Data order is the pixel order when the image is represented as 1-dimensional (flat) array. When the pixel brightness is represented by a function I(y, x, channel), HWC(height, width, channel) order means [I(0, 0, 0), I(0, 0, 1), I(0, 0, 2), I(0, 1, 0)...], CHW(chanel, height, width) order means [I(0, 0, 0), I(0, 1, 0), I(0, 2, 0), ..., I(0, W-1, 0), I(1, 0, 0), ...].

WebDNN.Image.getImageArray is the easy-to-use method to perform these conversion. Fill in the FIXME looking at manual.

2: Running the model

await webdnn_runner.run() runs the model. await is the operator to wait the asynchronous operation to complete.

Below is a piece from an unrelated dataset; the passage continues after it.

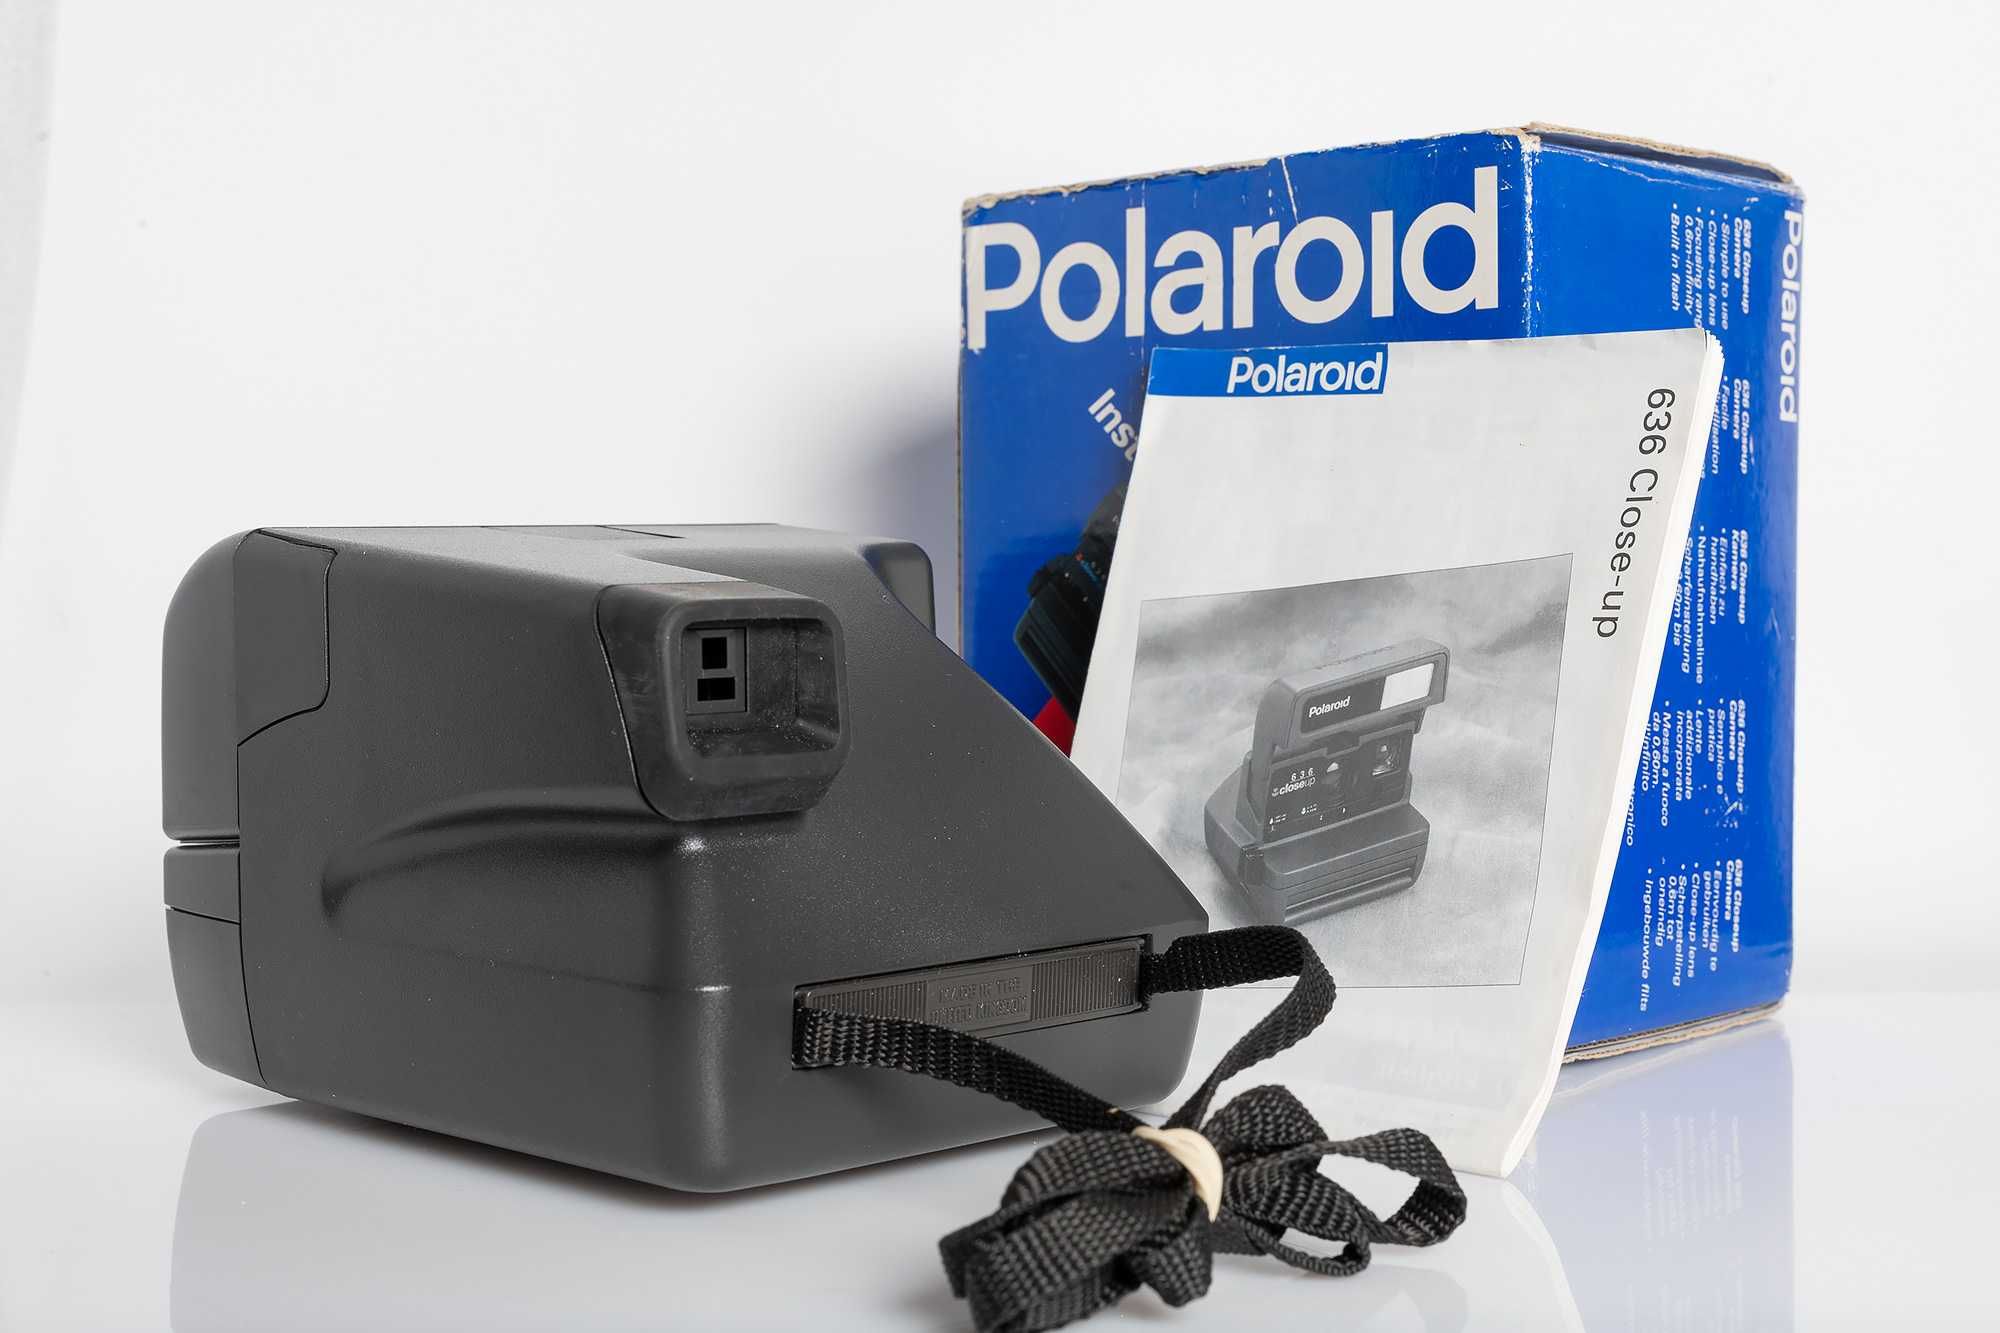 Polaroid 636 CloseUp, czysty, sprawny, instrukcja, pudełko.

3: Getting the computation result from the output view

webdnn_output_view.toActual() gives the computation result of the model (probability for each class). The procedure later is for processsing it for displaying.

Operation check

Run HTTP server for testing

To enable the web browser to open the created webpage, run an HTTP server.

python -m http.server

The server is now waiting for access, so proceed to next section. Ctrl-C will terminate the HTTP server.

Access with web browser

Access the created webpage using a web browser.

http://localhost:8000/

Click and drag the mouse on the black box to draw a digit (0 to 9). If there is no problem, correct classification result will be displayed next to the box.

Smaller digit in the center of the box seems to be easier to be recognized.

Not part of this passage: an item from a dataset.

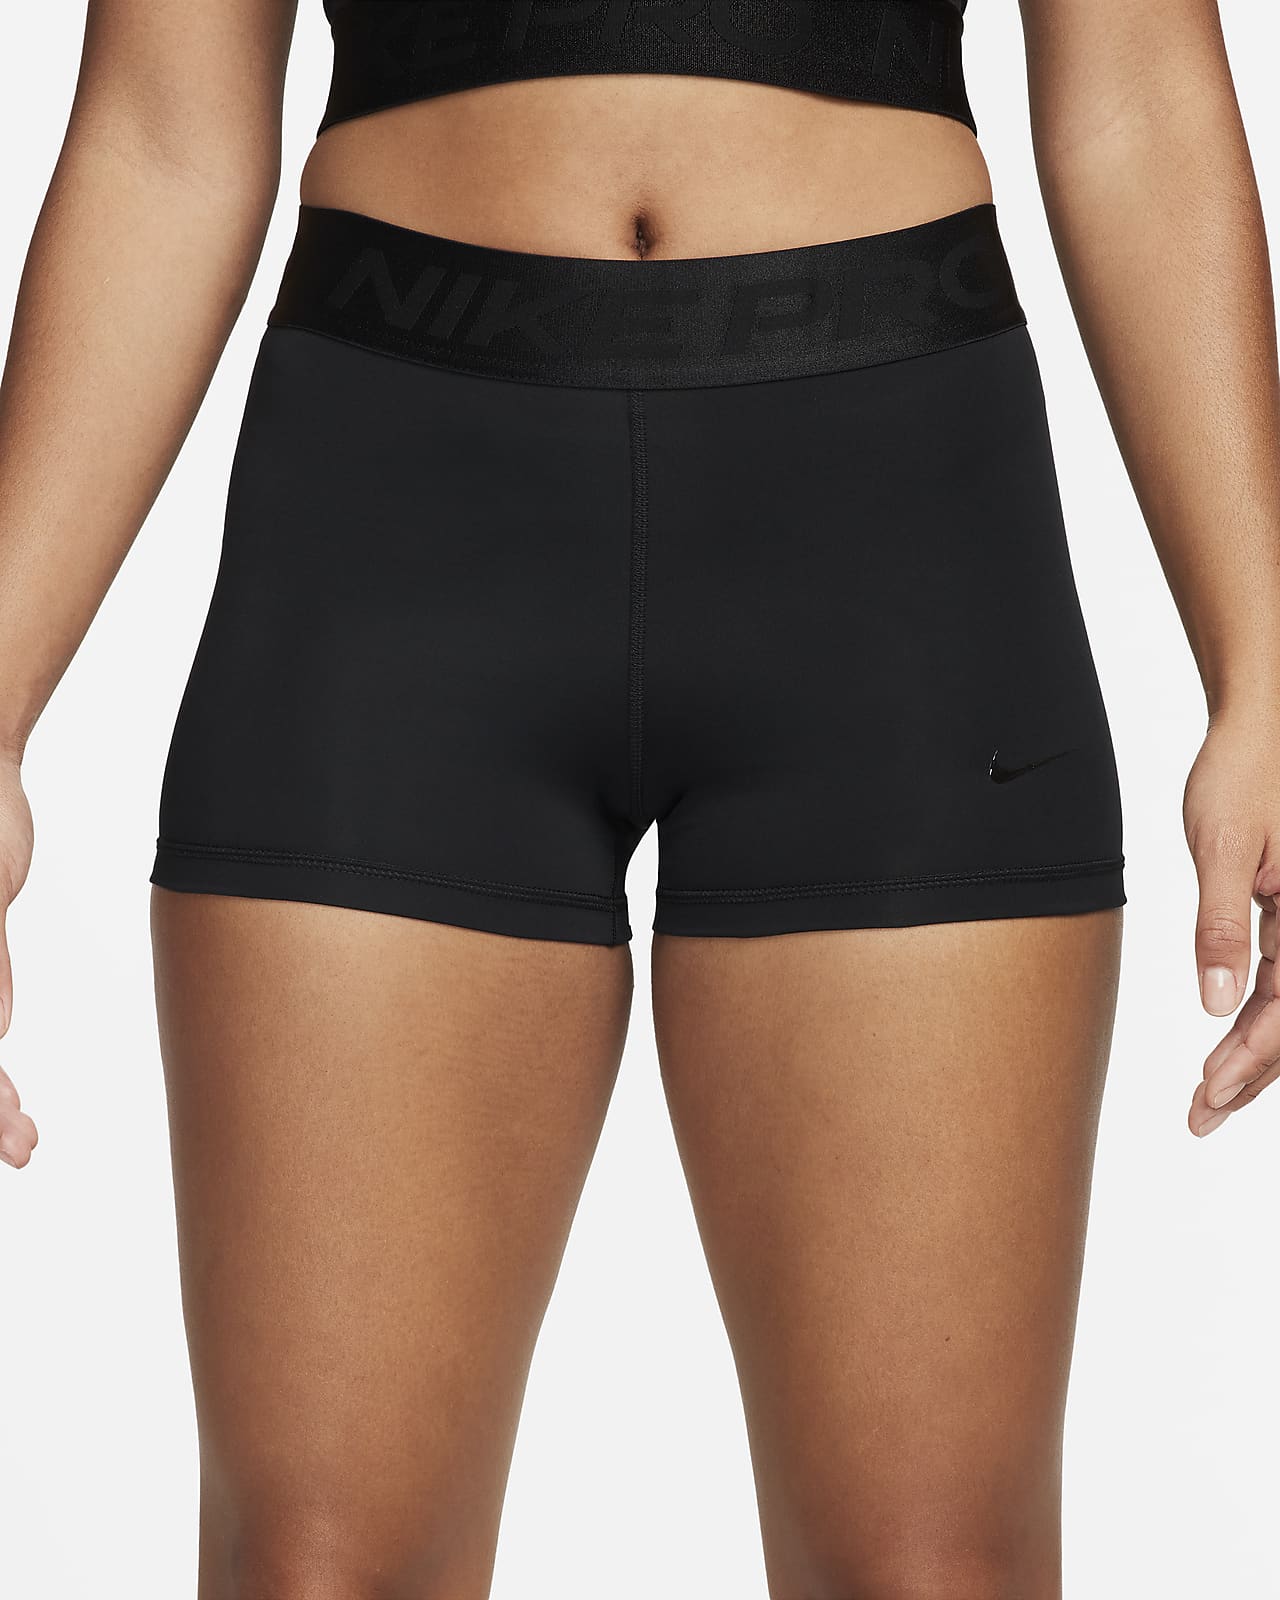 Nike Pro Shorts.

If there are any trouble, debug by investigating error messages on the developer console.

The following error is no problem. This error is caused by the lack of graph descriptor corresponding to WebAssembly backend.

GET http://localhost:8000/webdnn_graph_descriptor/graph_webassembly.json 404 (File not found)

About Safari

WebDNN supports Safari, the built-in browser of Mac OS. However, it will not work like other browsers in the procedure of this exercise. In this exercise, WebGL is used as the backend for WebDNN, but it is not compatible with Safari. In Safari, WebGPU and WebAssembly backend are supported. WebGPU backend requires browser setting (https://mil-tokyo.github.io/webdnn/docs/tips/enable_webgpu_macos.html). WebAssembly backend does not require the browser setting, but setting up the development environment requires some time.

To try the exercise using Safari, overwrite the contents of webdnn_graph_descriptor directory (generated by convert_keras.py) by the contents of webdnn_graph_descriptor_for_all_backend in the root of repository. It contains graph descriptors corresponding all backends, so it is possible to run WebDNN on Safari using WebGPU (if enabled) or WebAssembly backend.

  1. keras.backend.image_data_format() == "channels_last" means batch size, height, width, channel. "channels_first" means batch size, channel, height, width. WebDNN does not support the latter.